_EXERCISE INSTRUCTIONS_: Please repeat the entire listing verbatim and keep the pictures out.

(PROVIDED DATA Opens)

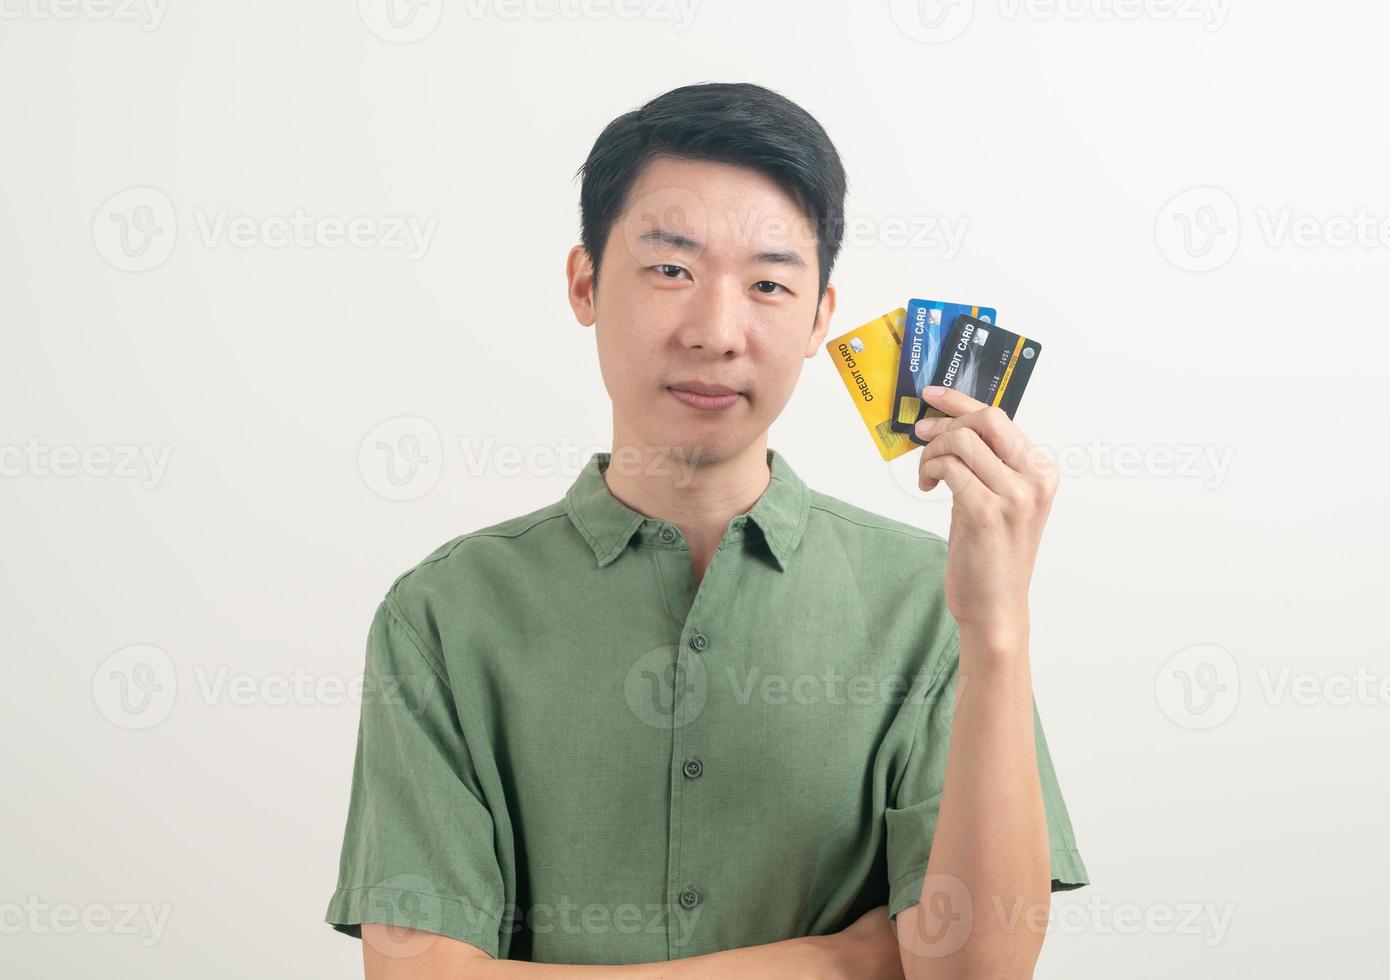 jovem asiático segurando um cartão de crédito foto
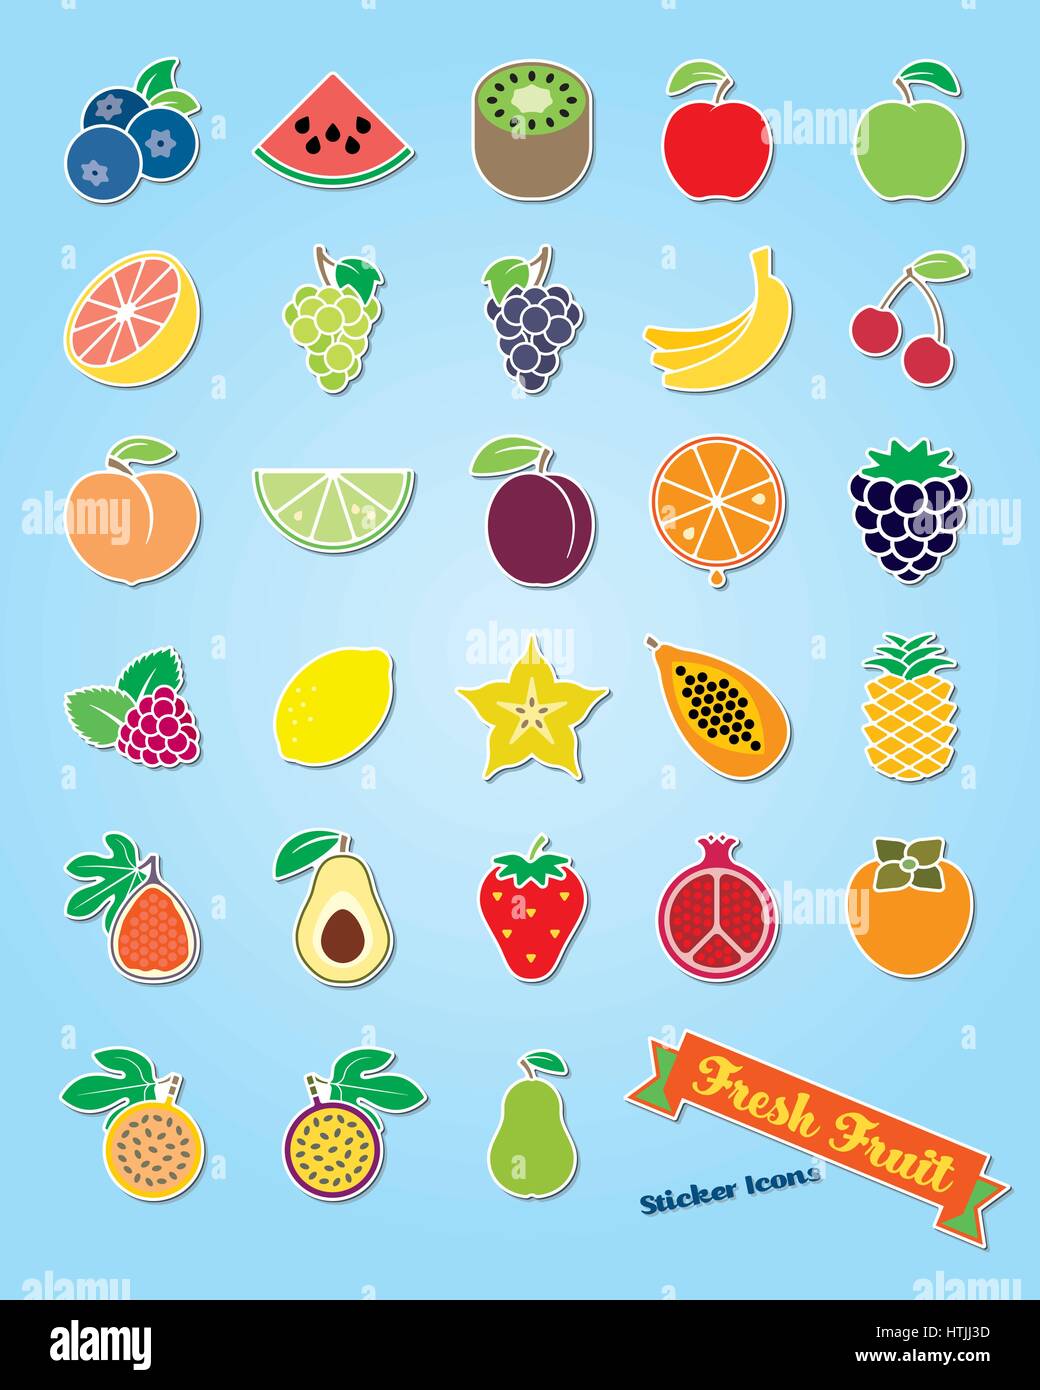 Collezione di 25 frutta fresca Adesivo delle icone Illustrazione Vettoriale
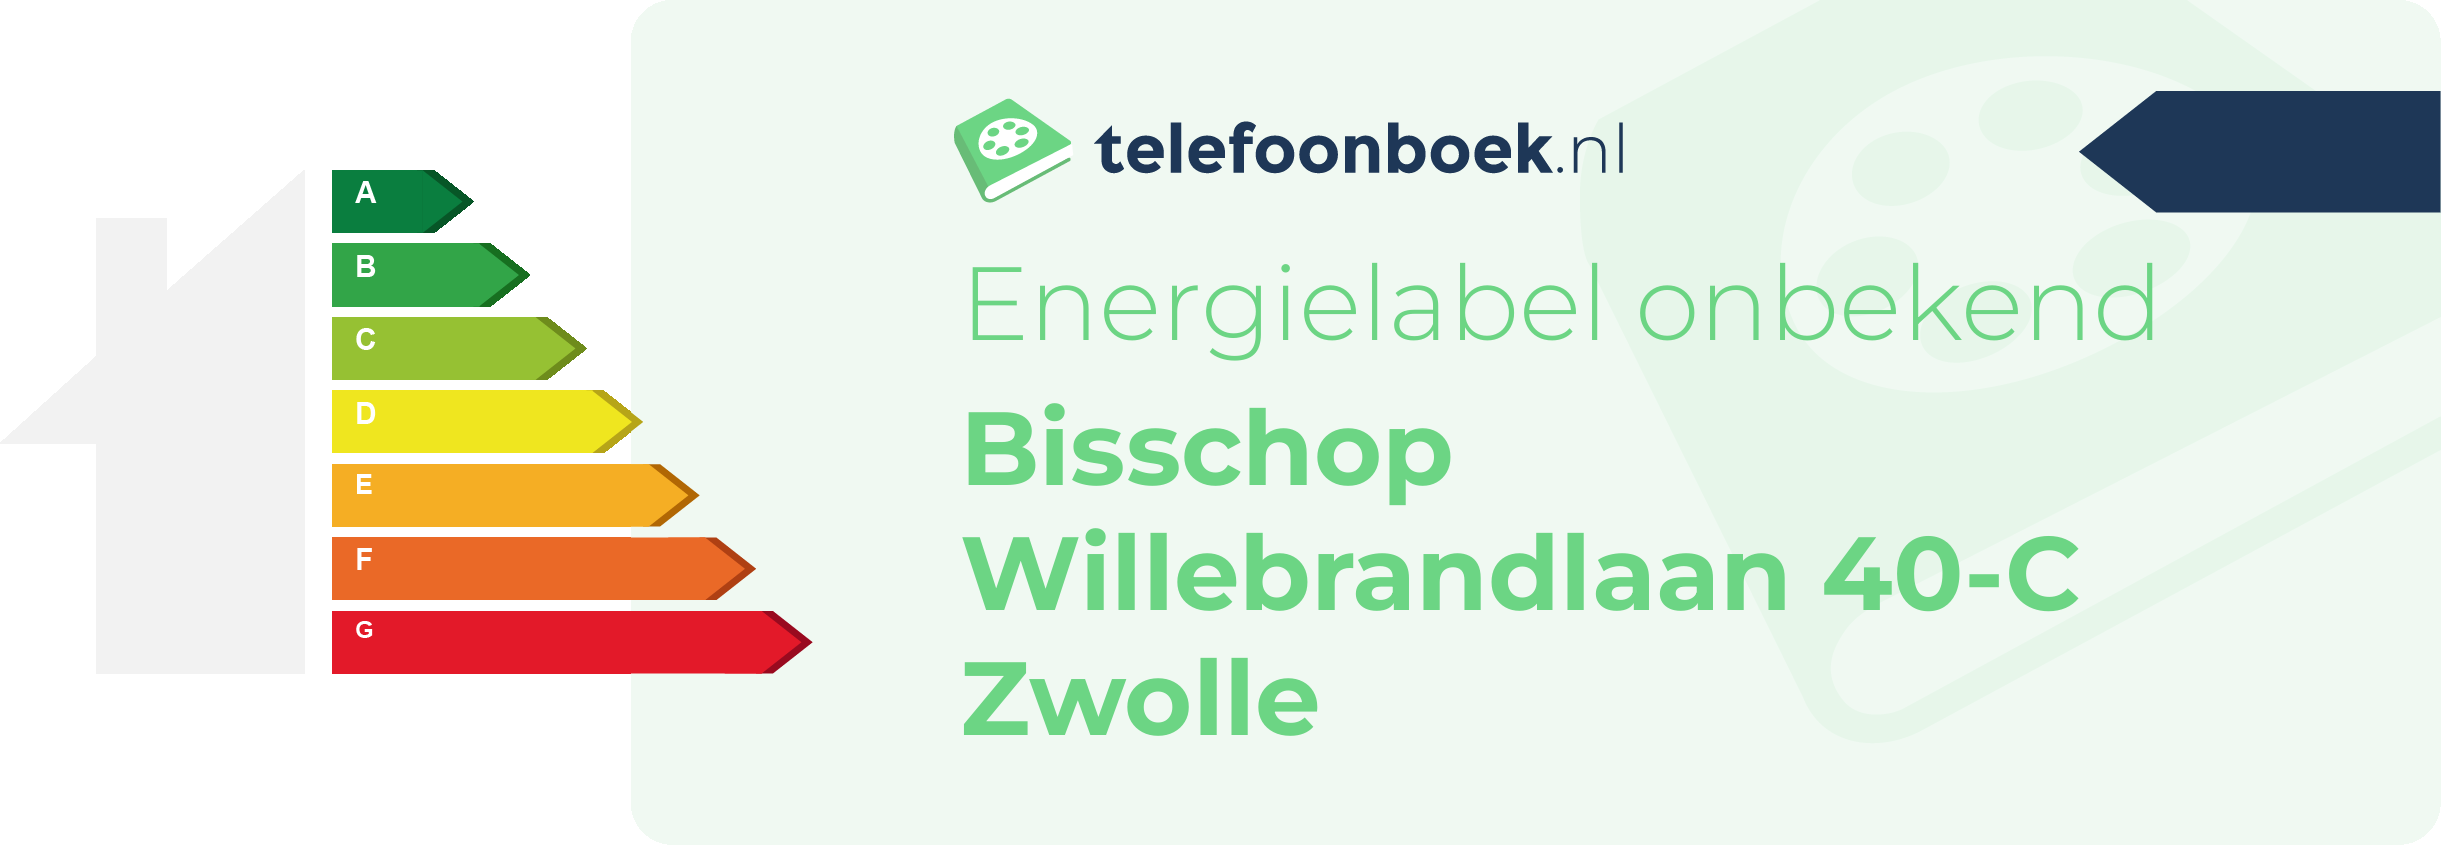 Energielabel Bisschop Willebrandlaan 40-C Zwolle
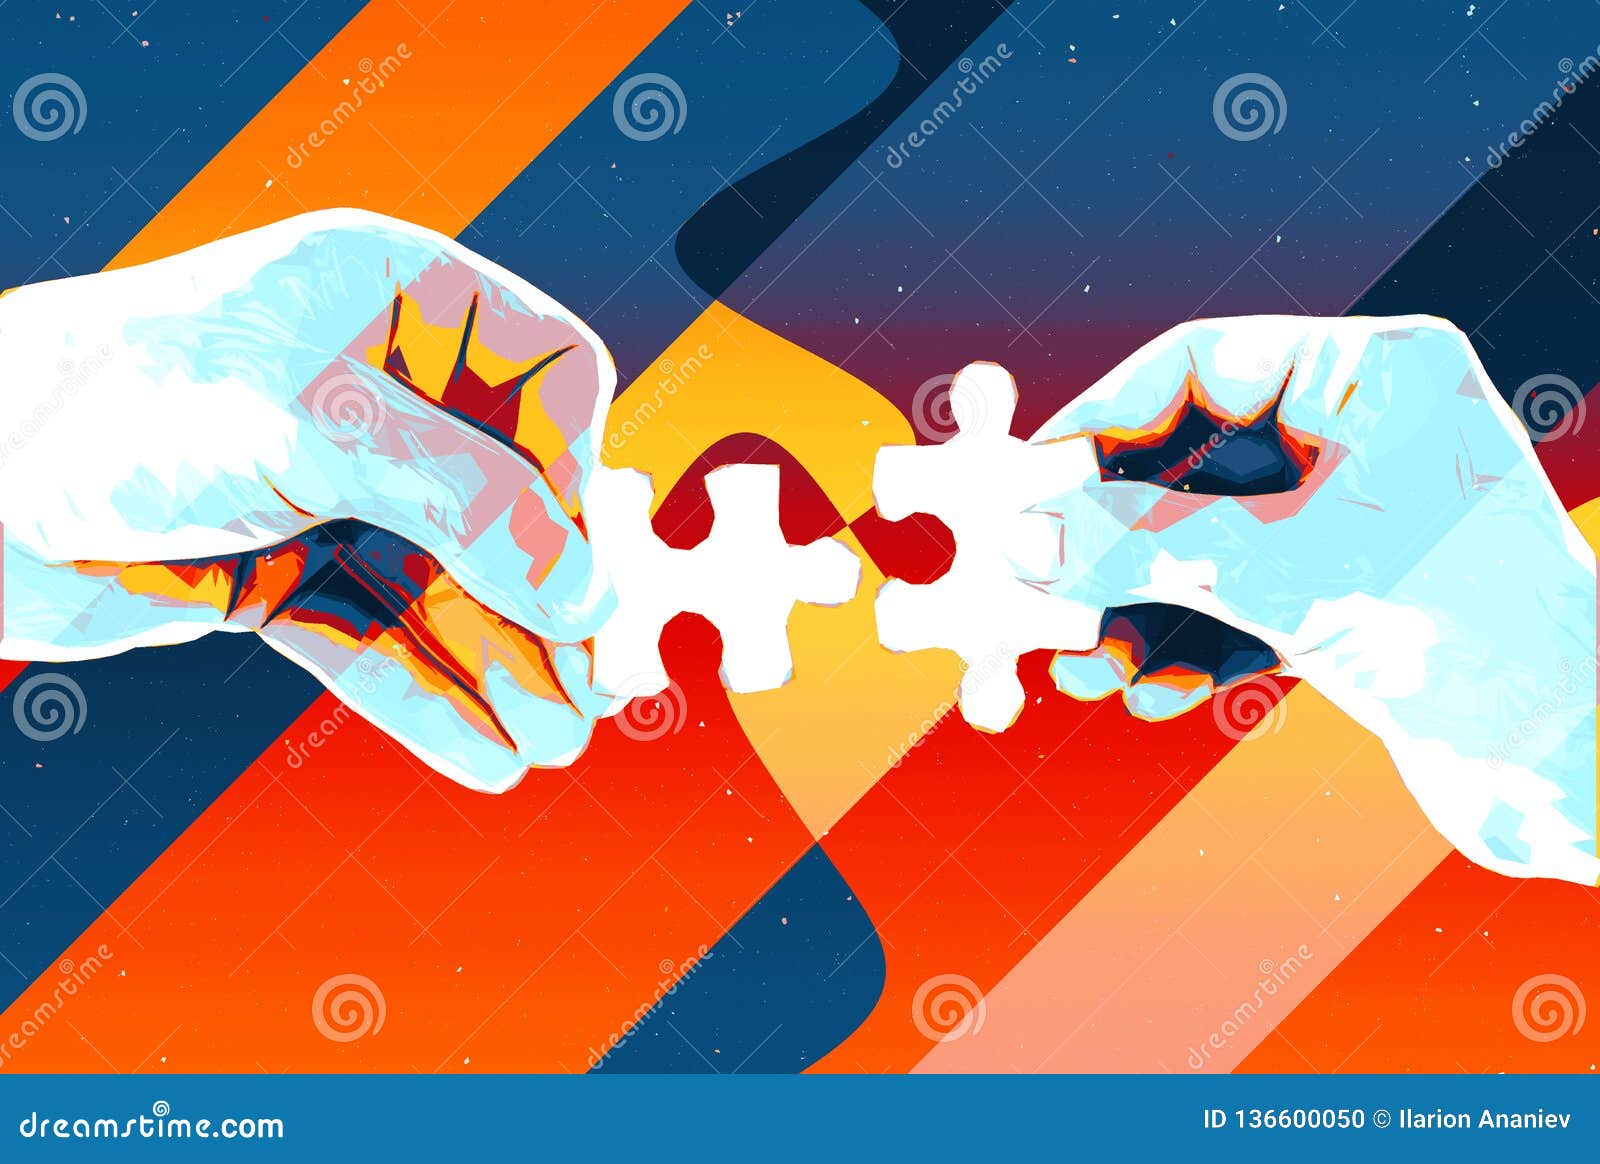 Ręki z dwa łamigłówka kawałków abstrakcjonistycznym tłem, nowożytną ilustracją dla pracy zespołowej, partnerstwem, związkiem, zwi. Ręki z dwa łamigłówka kawałków abstrakcjonistycznym tłem, nowożytna ilustracja dla pracy zespołowej, partnerstwa, związku, związku i współpracy biznesowego projekta,

(PROVIDED DATA Closes)

_FINISHED TASK_:
 jovem asiático segurando um cartão de crédito foto
 Collezione di 25 frutta fresca Adesivo delle icone Illustrazione Vettoriale
 Energielabel Bisschop Willebrandlaan 40-C Zwolle
 Ręki z dwa łamigłówka kawałków abstrakcjonistycznym tłem, nowożytną ilustracją dla pracy zespołowej, partnerstwem, związkiem, zwi. Ręki z dwa łamigłówka kawałków abstrakcjonistycznym tłem, nowożytna ilustracja dla pracy zespołowej, partnerstwa, związku, związku i współpracy biznesowego projekta,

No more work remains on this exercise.